De repente, fue imposible dejar de pensar en la tan aclamada Provincia del Cartama. Una iniciativa a la que se han sumado once (11) municipios del suroeste antioqueño fundamentados en una posibilidad otorgada por la Constitución Política a los territorios para que se ordenen alrededor de sus “similitudes sociales, económicas, culturales y ambientales”. El haber contado con una infancia correteada y cabalgada en ésta bella montaña de la cordillera occidental, me lleva a aseverar que urgen iniciativas que ordenen el territorio. Estamos perdiendo invaluables recursos en el afán económico. Pero, ¿es la Provincia la mejor manera de solucionar éste desorden territorial?

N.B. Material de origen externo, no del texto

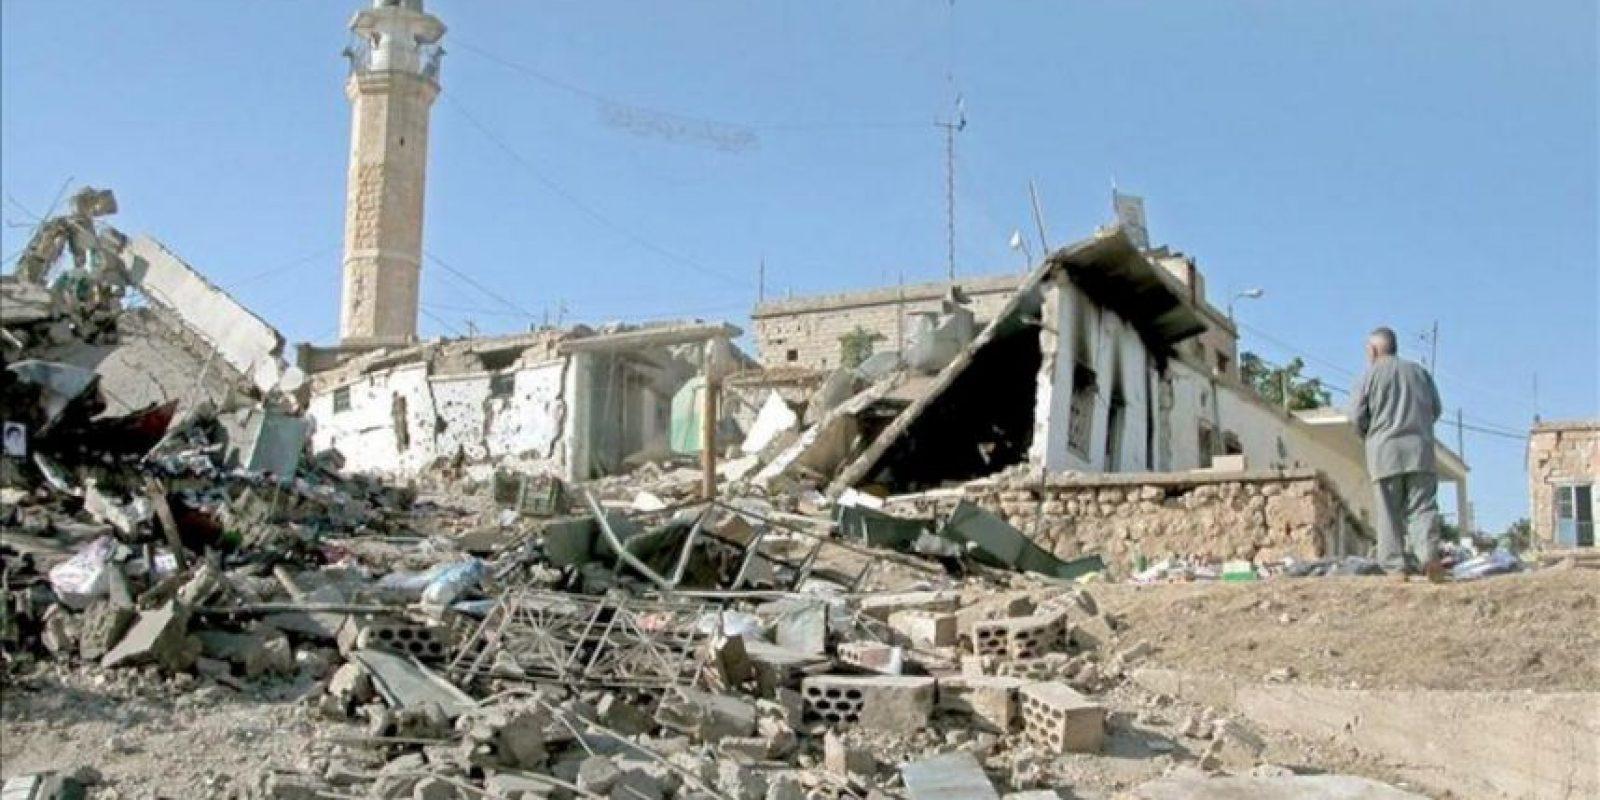 Un libanés junto a unas casas destruidas tras un ataque aéreo con misiles en la frontera entre Líbano y Siria. EFE/Archivo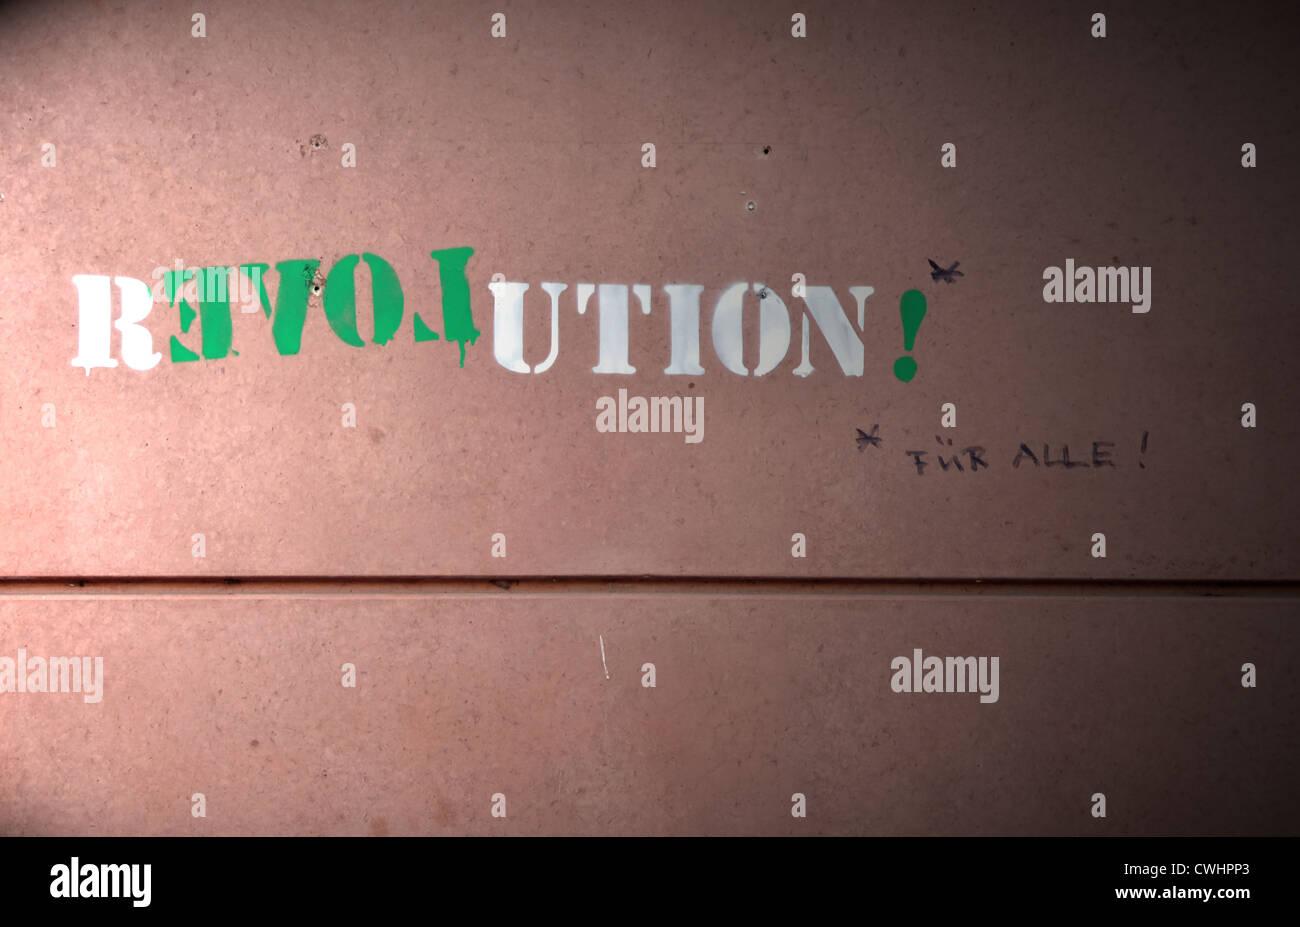 La scrittura,cultura giovanile,dichiarazione,streetart,rivoluzione Immagini Stock

Ésta pregunta sólo se responderá en la medida en la que los ciudadanos de a pie nos interesemos en participar en un proceso que será trascendental para la región y para cada uno de los que soñamos en construir futuro y familia en las montañas que nos vieron nacer. La participación ciudadana en éstos procesos es un deber del Estado pero, como dirían los abuelos, “allá no lo van a llevar de las orejas”.

En un momento crucial para Colombia, donde la unión de voluntades ciudadanas se convierte en la única salida a las dificultades generadas en la polarización politiquera, las propuestas que surjan de los territorios y la articulación de éstas en los diferentes esquemas de ordenamiento y planeación nacional, permitirán abrir las puertas a un desarrollo nacional eficaz, eficiente y con verdaderos componentes de igualdad en cada rincón del país.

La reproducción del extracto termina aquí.